Furthermore, men and women differ on what they consider the most important features of supermarkets, according to “Customer Focus 2008: Grocery,” by Baltimore-based Vertis Communications, a provider of retail advertising services. In general, the store’s prices and sales are most important to female shoppers, while convenience and service matter more to men.

Almost half, 48% of women between the ages of 35 and 49, said they valued price-related offerings, such as lowest everyday prices, best-advertised specials and store coupons, the most. This group of women accounts for 60% of all grocery shopping, according to the report.

Nearly as many, 47% of women aged 50 and older, and 46% of those between the ages of 18 and 34, agree. By contrast, while price-related offerings are important to approximately 30% of the male shoppers surveyed, 41% of the men aged 18 to 34 said they valued convenience, such as proximity to work or home, more than any other factor.

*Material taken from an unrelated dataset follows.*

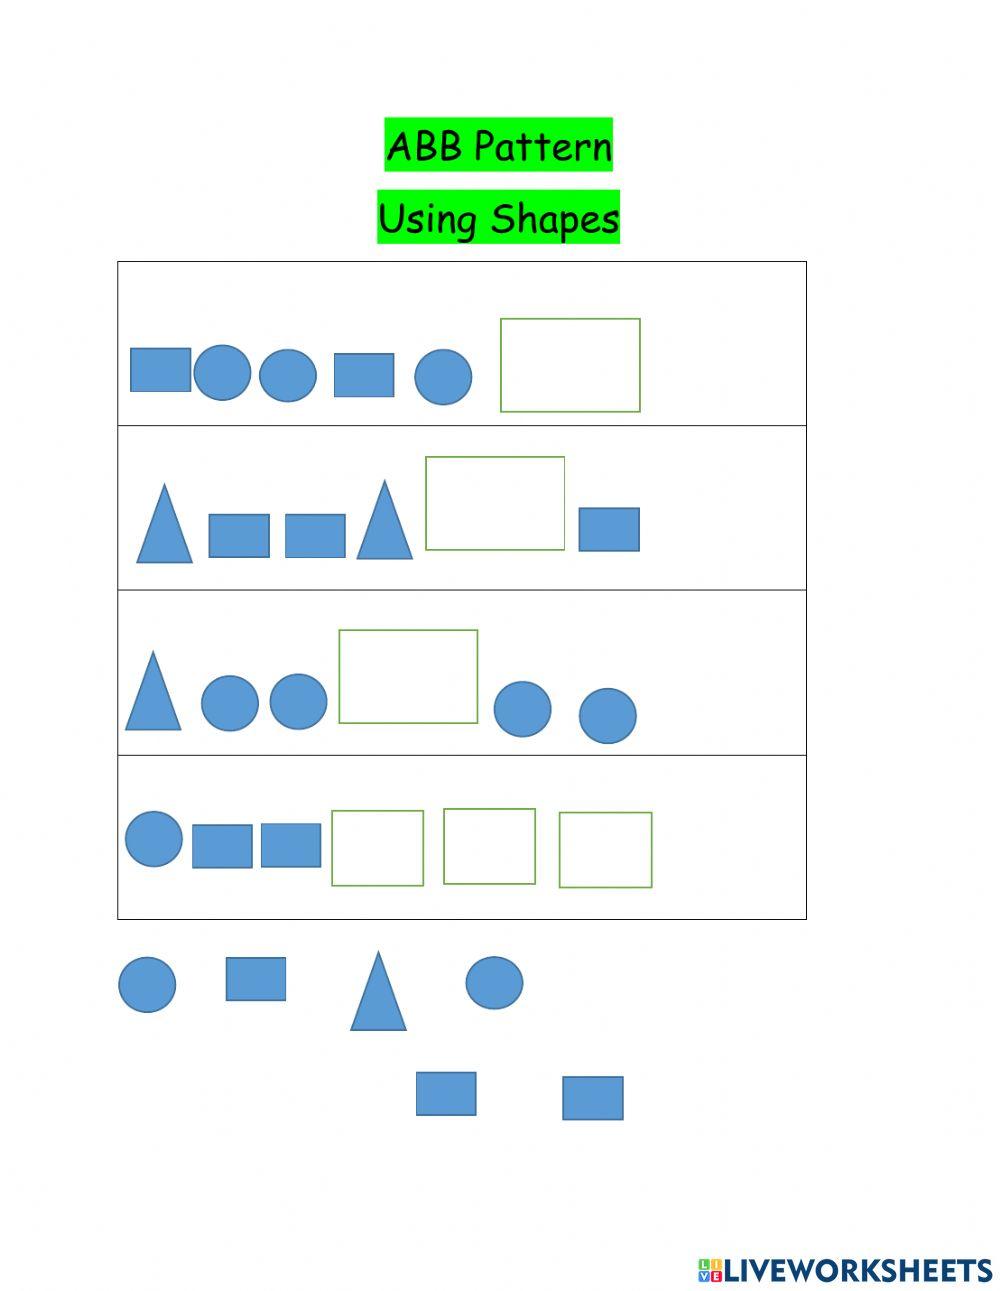 ABB Pattern using Shapes

Nearly a quarter, 23% of men between the ages of 18 and 34, are most likely to shop at grocery stores close to home. This compares with just 17% of women in the same age group.

When deciding which grocery story to frequent, the bakery is the most important department, other than meat and produce, according to 27% of all survey participants. This percentage is consistent with Vertis’ 2006 grocery survey.

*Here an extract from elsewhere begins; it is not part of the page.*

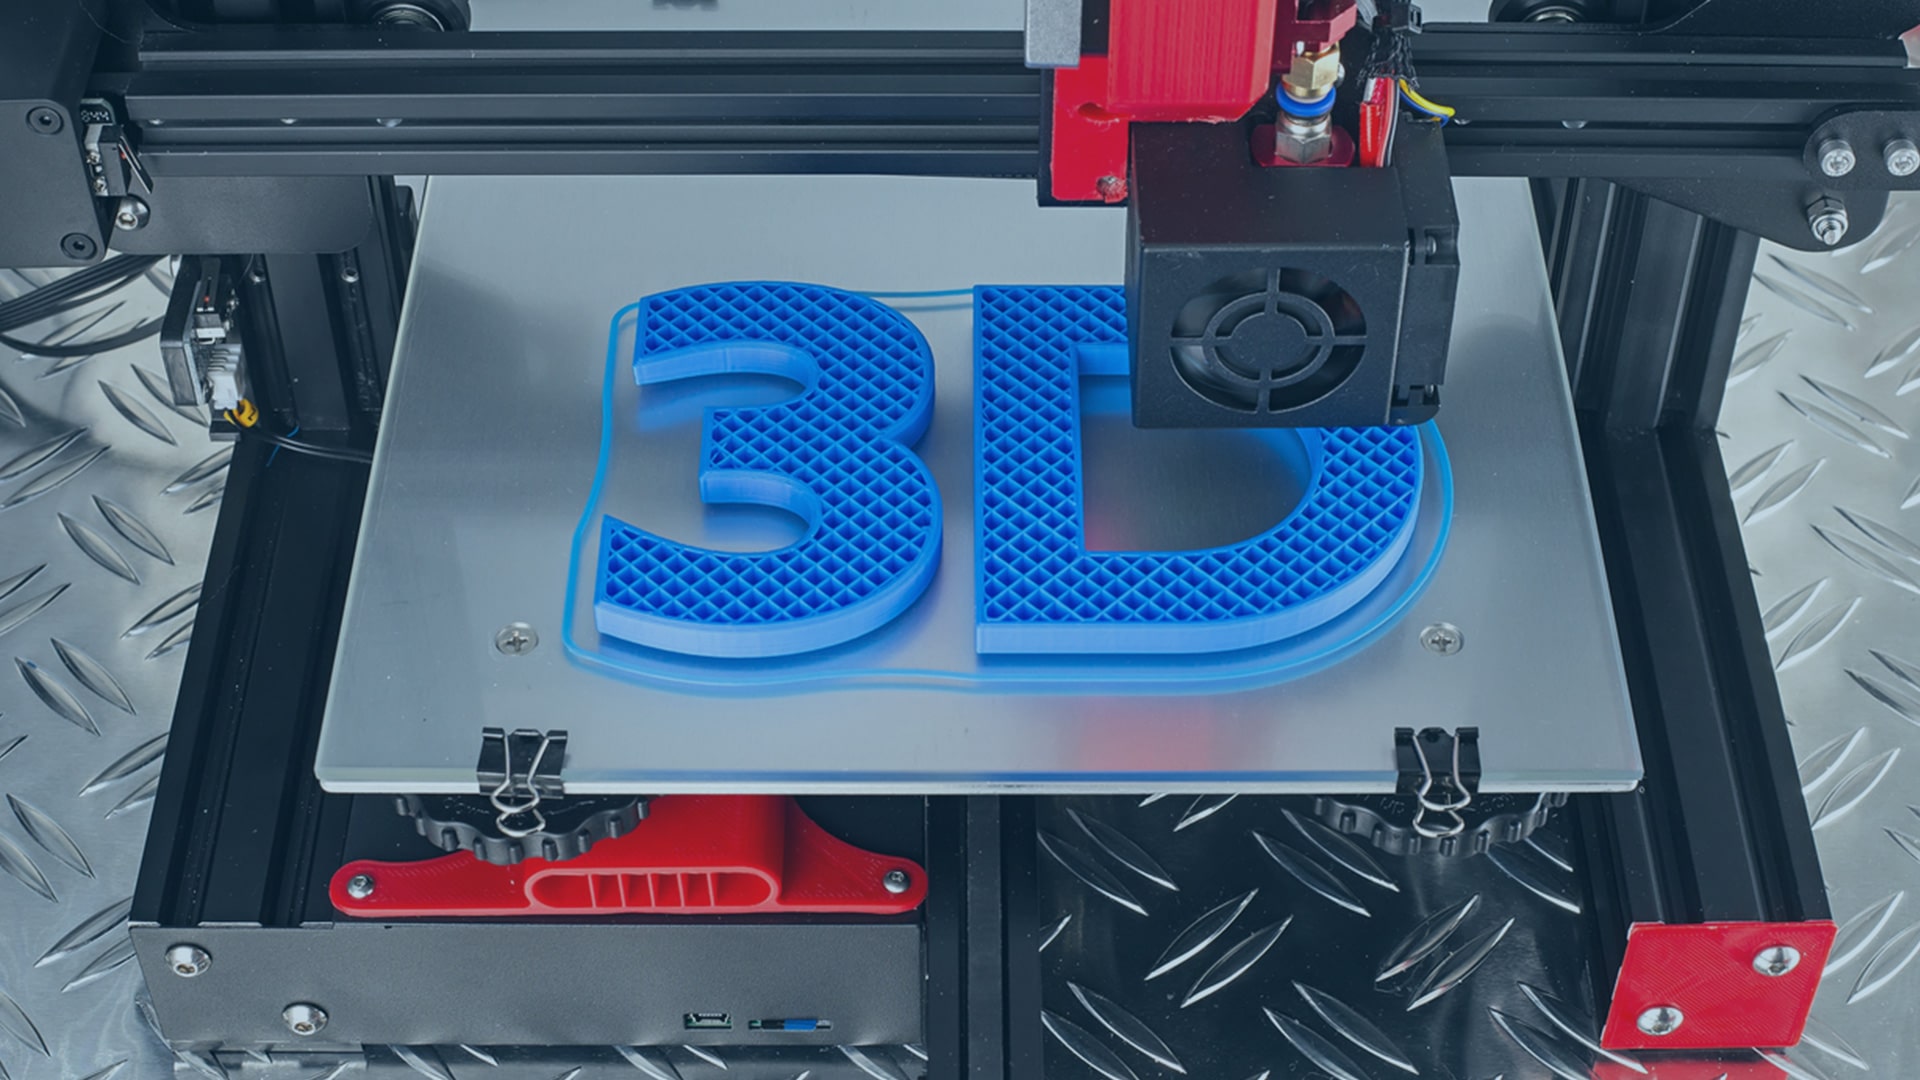 Best 3D Printer under 200 - Beginners Guide in 2020 - ULTRAdvice.com

The importance of dairy and organic food sections has risen over the past two years among men aged 18 to 34. In the most recent survey, 13% of those shoppers rank dairy important versus 8% in 2006. Currently 10% of them consider organic food important, compared with just 6% two years ago.

The survey also suggests that attempts to promote the benefits of omega-3 fatty acids and other heart-healthy elements of fish and other foods may be taking hold. Interest in the store’s seafood section rose from 5% two years ago to 10% among women in the 2008 study.

The importance of the deli section among men age 50 and older took a big jump, but its importance dropped among their female counterparts. Among the older men, 25% ranked it important in 2008, compared with 18% two years ago. Among older women, its importance fell to 21%, down from 25% in the 2006 survey.

More Hispanic Americans than others prefer to shop at super-sized grocery outlets instead of other chains that carry groceries. Nearly a quarter, 22% of Hispanic household decision makers, prefer super-sized grocery stores for perishable products, such as meat, produce, dairy and baked goods. This compares with 15% of non-Hispanic household decision makers.